What should I do? It turns out that my duty of zealous representation of my client wins out over anything else, like going to the court and telling it that everyone had screwed up. I was not allowed to disclose the secret.
However, the bottom line is that Fuzzy Bear and his buddies may have been dumb, but they weren’t bad guys and didn’t commit fraud or act out of a conflict of interest. Justice was done; plaintiffs really didn’t have a case. If I had exposed the mess-up in a timely manner, the case would have ground on at great expense to everyone (I’m looking at you, cinnamon buns) and ended up the same way: no damages for the plaintiffs.
But in the ensuing years, I’ve wondered about that case. Why do we bother? A bunch of lawyers spent a week and untold thousands of dollars of insurance company dollars in a conference room and motels, interviewing people to no point whatsoever. What, were the directors and accountants and advisers going to stride in, plop down in a seat, grin, and say, “Man, we really pulled a fast one!

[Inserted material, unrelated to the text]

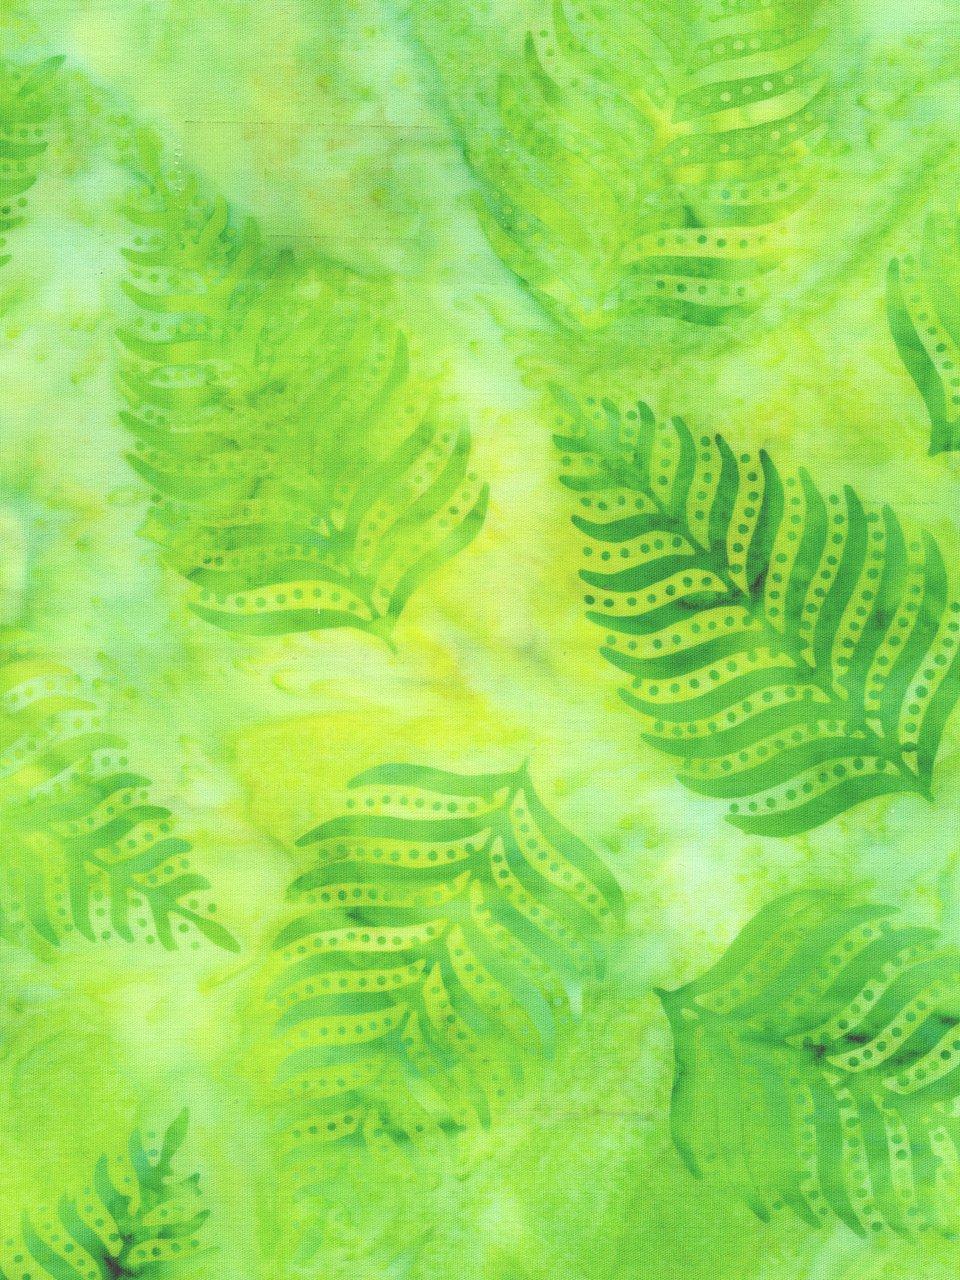 Anthology BC-14027 Bright green fern

We had a whole bunch of sweetheart deals, and they all went south, but we got our fees, you betcha!”
That was a wasted week save for the cinnamon buns. Also I made Fouts go to a Chinese restaurant and even though he got a mild dish he was sweating all over his forehead before it was over. That was pretty funny.
Also, on the way up there, Fouts was driving and I saw a vanity plate and railed against people’s egos. Fouts gently reminded me that his license plate read “USAFR”, as he was a general in the Air Force reserve. Anyway I had screwed up. Fortunately I had that minor victory about 501(c)(3) trusts later in the week, so maybe he forgave me.
I read somewhere that most of what every generation does is useless, and it’s only a few people, maybe like Gates and Jobs, Edison and Tesla, who make a real difference. The rest of us are only treading water and pretty ineffectively at that till we expire. Please refer to the title.